Heres a tip i figured out. Everytime your computer tries to access hotmail.com it has to query the DNS server. There is a hosts file that you can modify so it automatically goes to blah blah blah.
Hence the magic
Want to block a url? A site? ads?
For windows systems goto c:\winnt\system32\drivers\etc and edit the HOSTS file with notepad. Once you get it there is a little manual. IS the file isnt located there it should be located in c:\windows or just search for it using the start>search>for files and folders.
You can block aol ads for example by typing
127.0.0.1 ads.aol.com #AOLADS
its a neat little trick i discovered and I BLOCK AIM ads! mwahha! try it and see the power. If someone would be willing to.. add a batch file to automate this proscess  maybe we could make .ref text files and so a more system-based approach similar to the SPYBOT immunization thinggey,.


----------



## pincmonkey (Jun 7, 2003)

forgot to say one thing.
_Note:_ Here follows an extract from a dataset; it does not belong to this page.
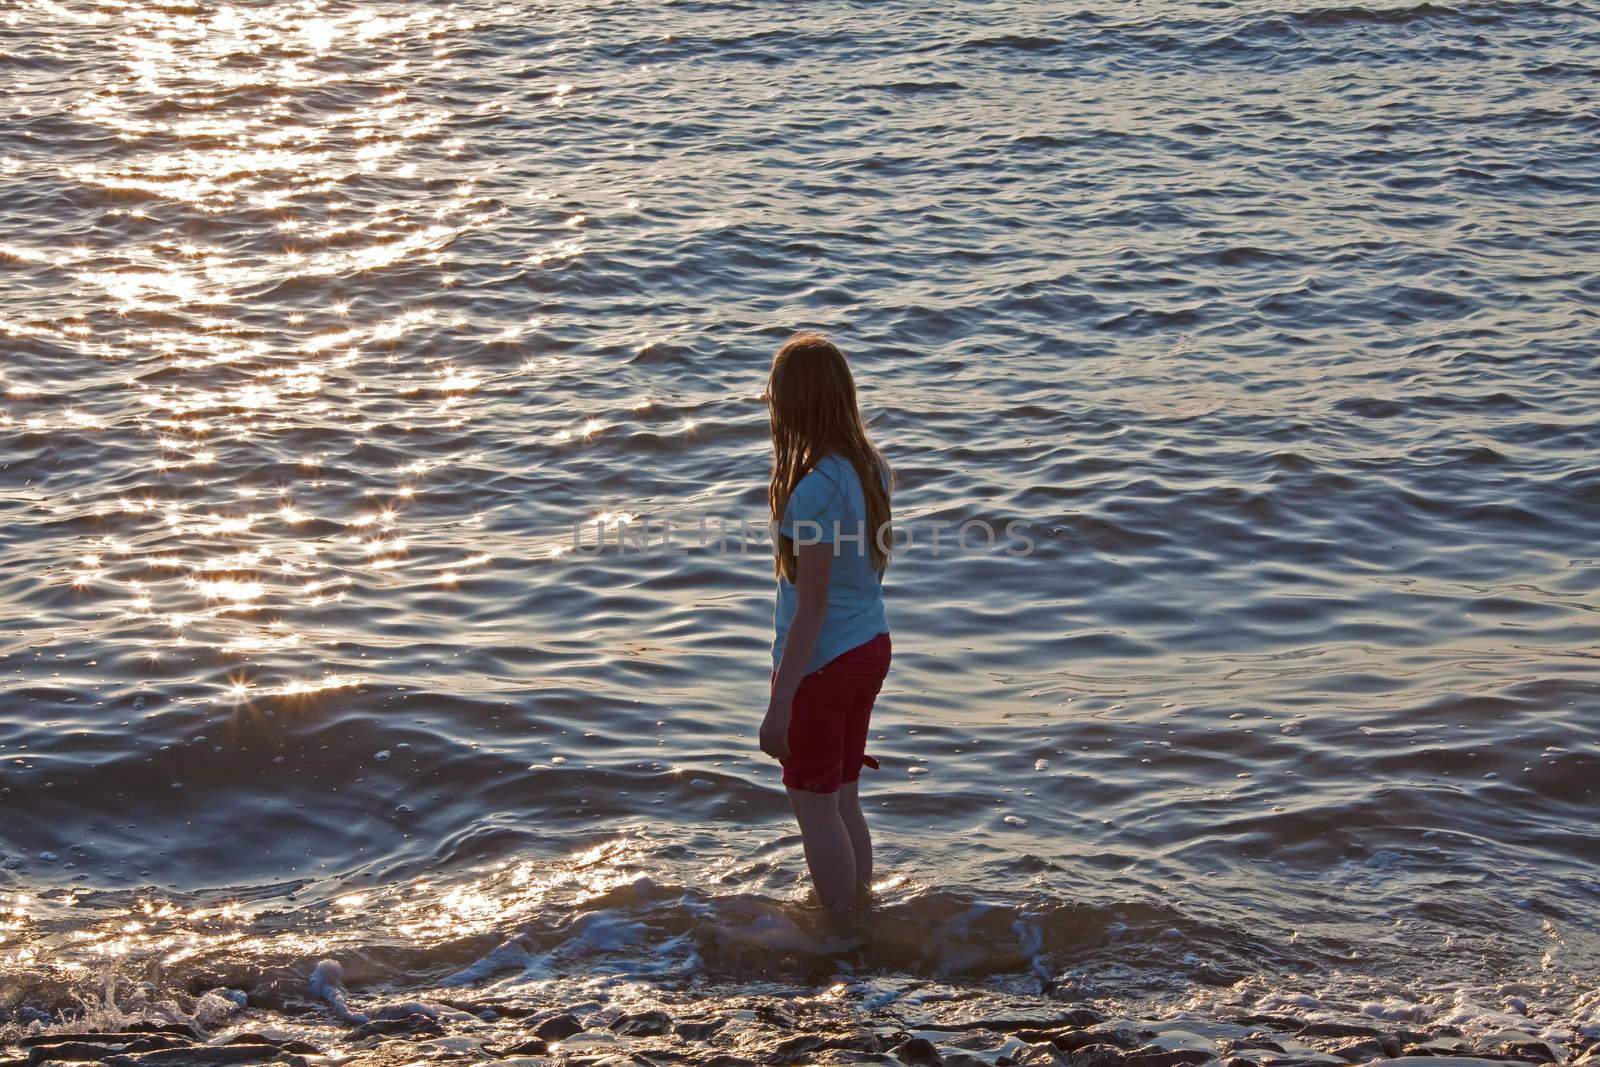 This image shows a girl at sea in the evening sun

Make the aim ads (ads.aol.com and ads.aim.com goto 127.0.0.1


----------



## pincmonkey (Jun 7, 2003)

oh when you save save as "all files" you need to open it with notepad. Also before you save it. Right click and do properties on the file, and uncheck the read only box. Save, then re-check it


----------



## buck52 (Mar 9, 2001)

anything more to add... 

buck


----------



## McTimson (Aug 16, 2002)

It also works for website ads, if you know where the ads come from. Or if you want to block an entire website, you can do that too. Or for AIM, you could just get a program like DeadAIM, AIM+, or Trillian, they all block ads, I think.

Oh, and there's an edit button at the top right of each of your posts, you know...


----------



## agundrum (Jan 4, 2004)

I tried this an I'm still getting an ad. The ones that have been the issue are the multimedia ones (with sound) Even minimized you still hear it.

Very annoying.

But... so far I have not seen any of this multimedia ads.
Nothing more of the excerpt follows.